**Try it**. Repeat the listing exactly. Pictures stay out of your copy.

**Supplied data**.
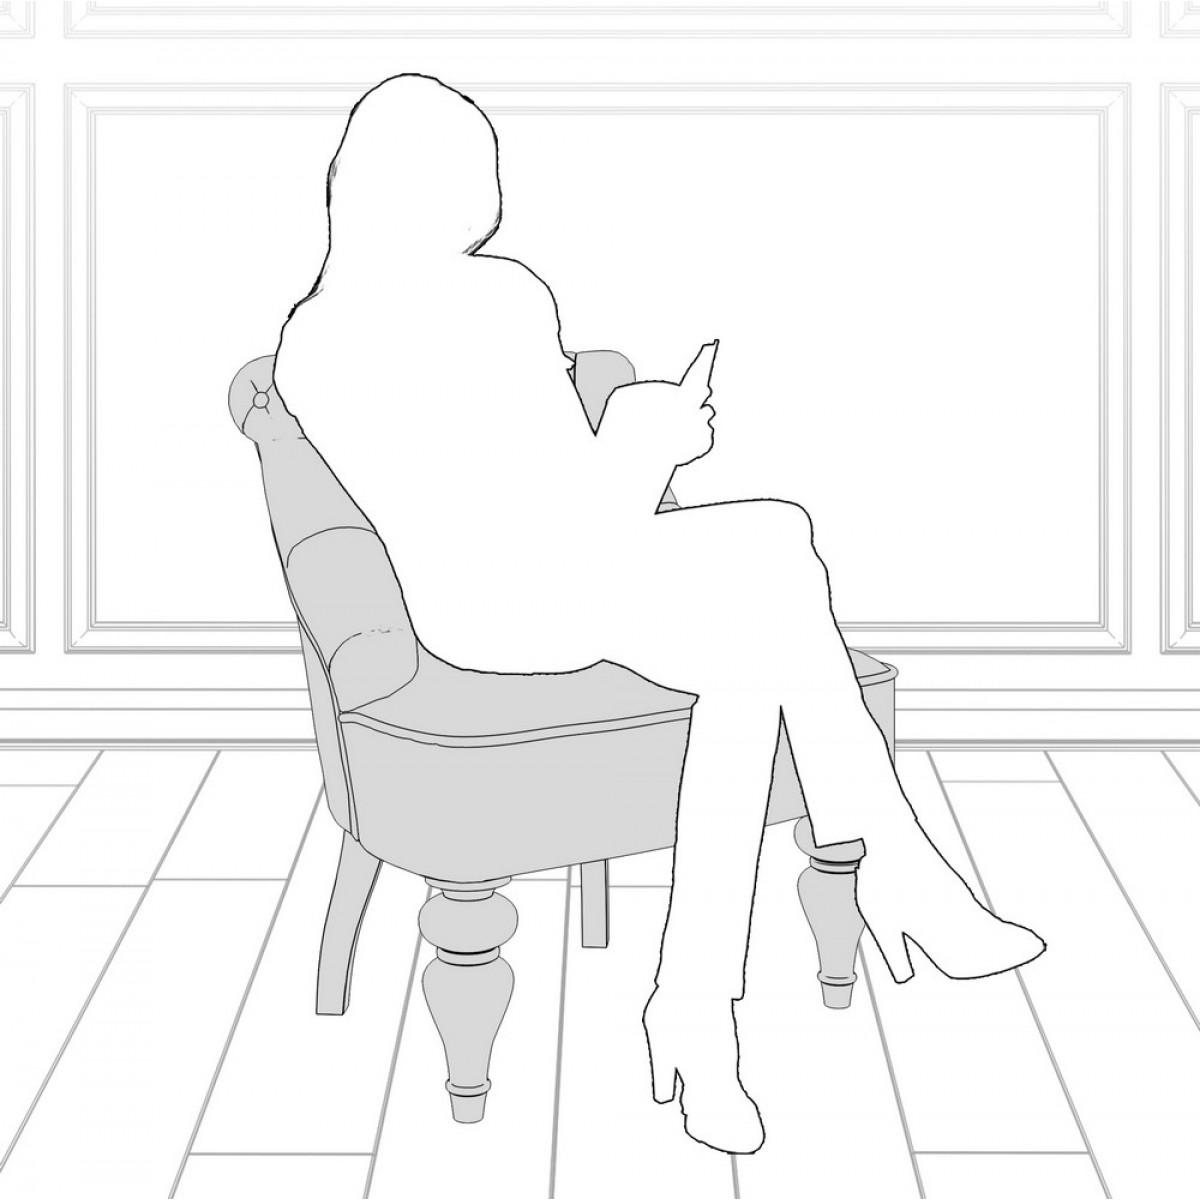 M13-W-B13 Кресло Крапо коллекция L'Atelier Du Meuble
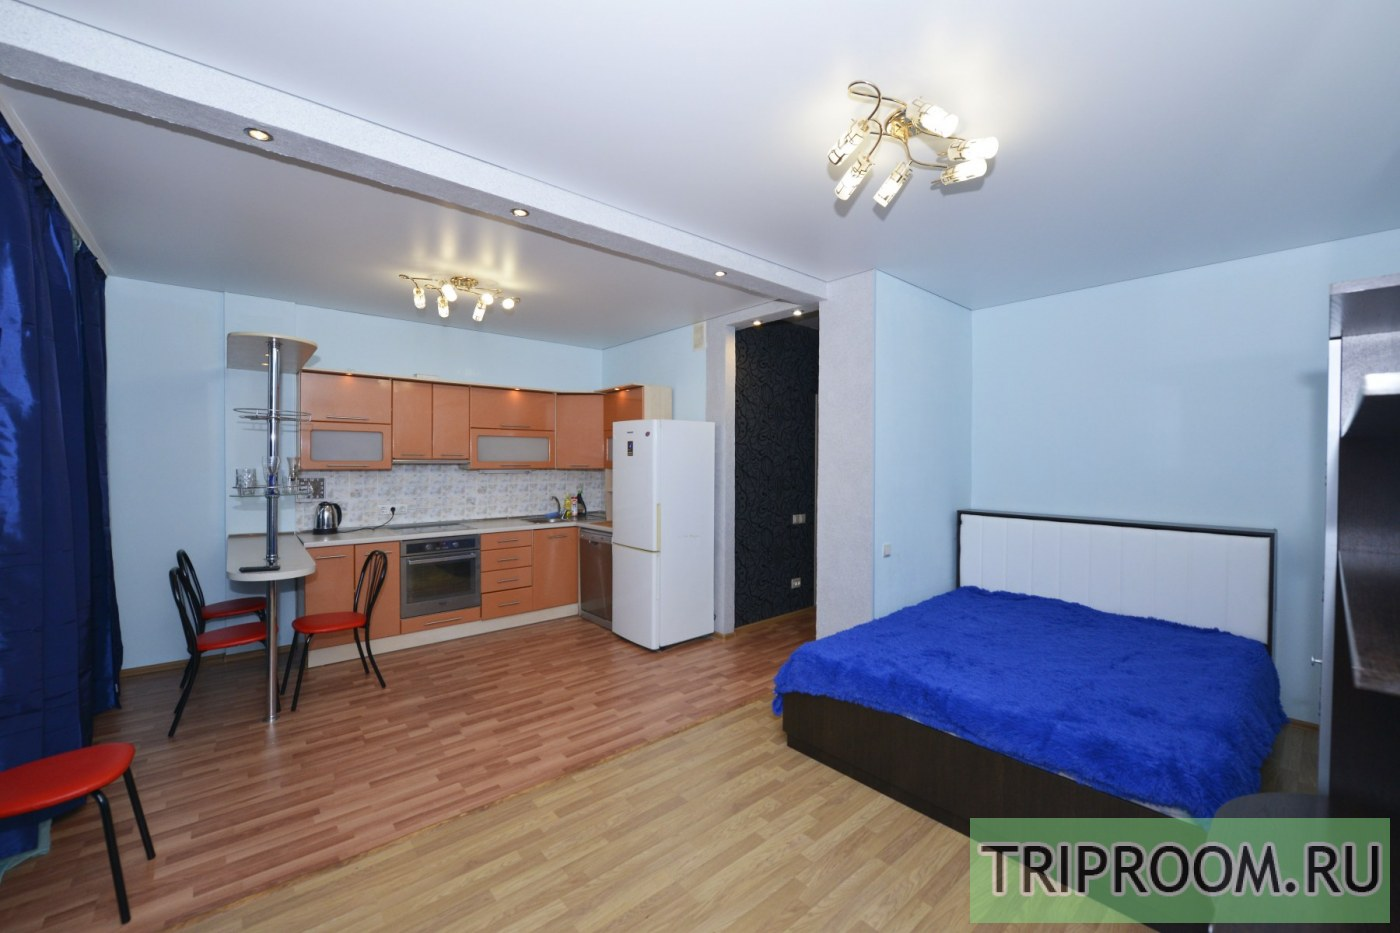 1-комнатная квартира посуточно (вариант № 40607), ул. Галущака улица, фото № 5
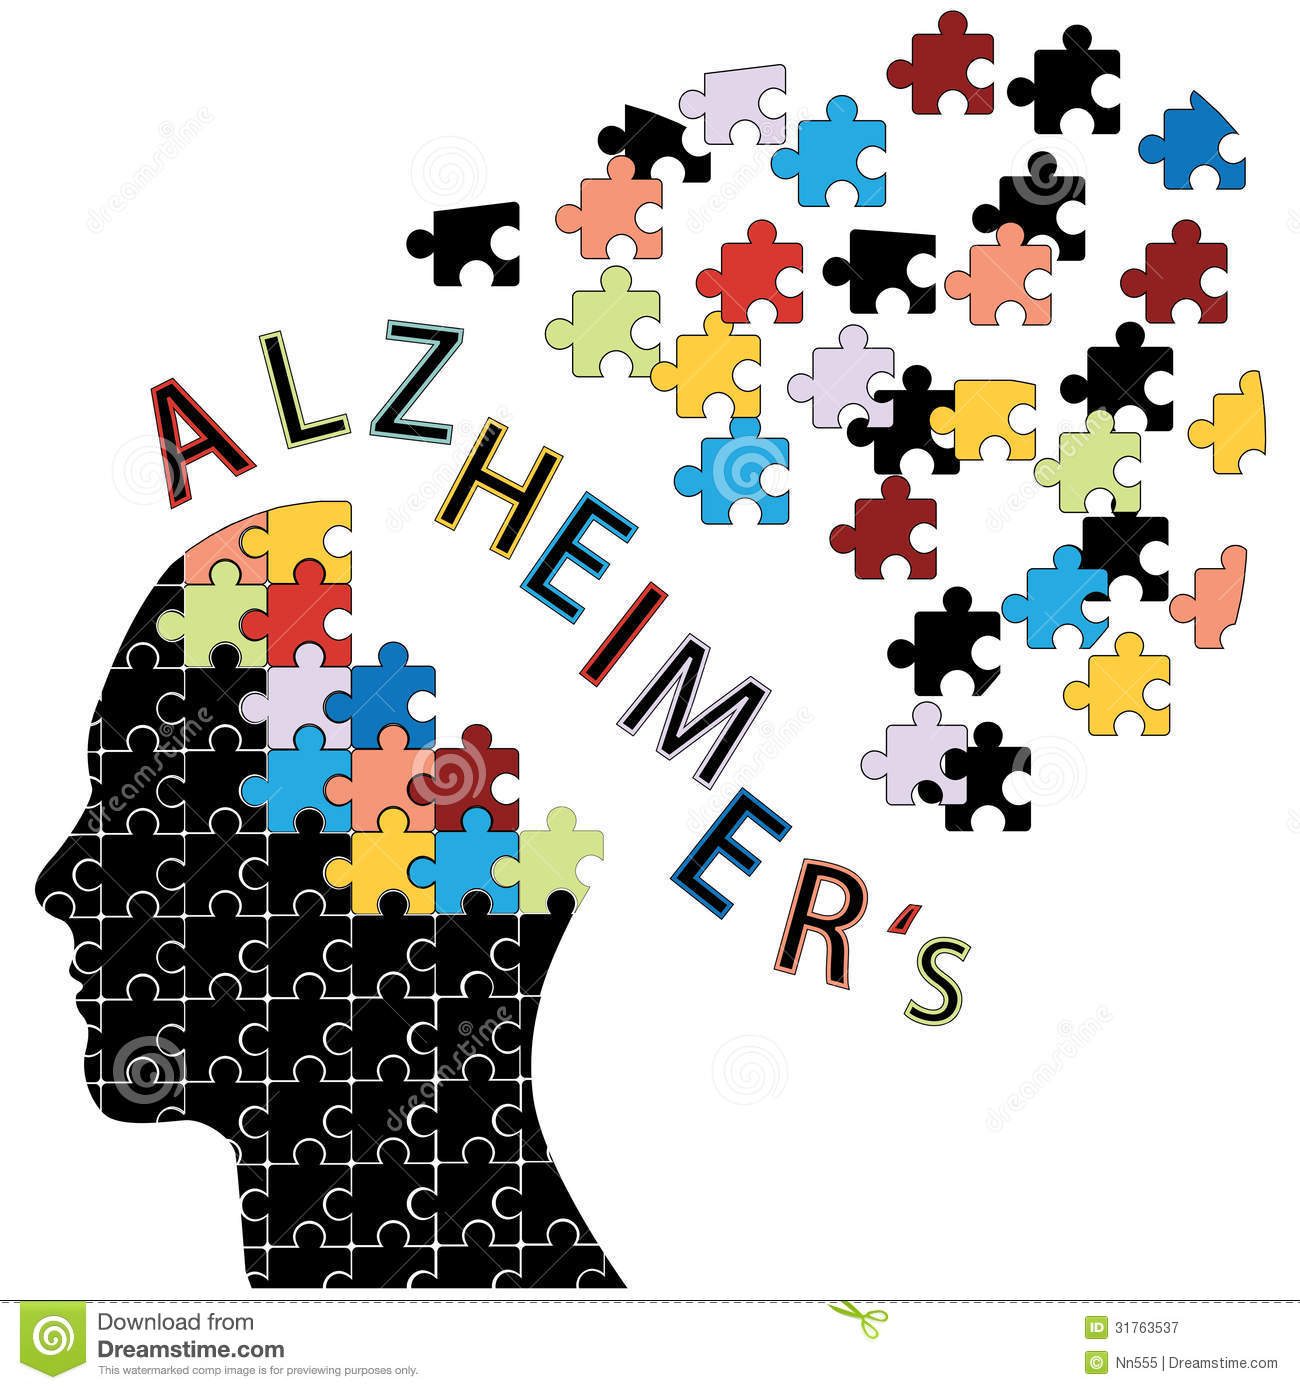 Alzheimers clipart 8 » Clipart Station.

**Task response**.
 M13-W-B13 Кресло Крапо коллекция L'Atelier Du Meuble
 1-комнатная квартира посуточно (вариант № 40607), ул. Галущака улица, фото № 5
 Alzheimers clipart 8 » Clipart Station.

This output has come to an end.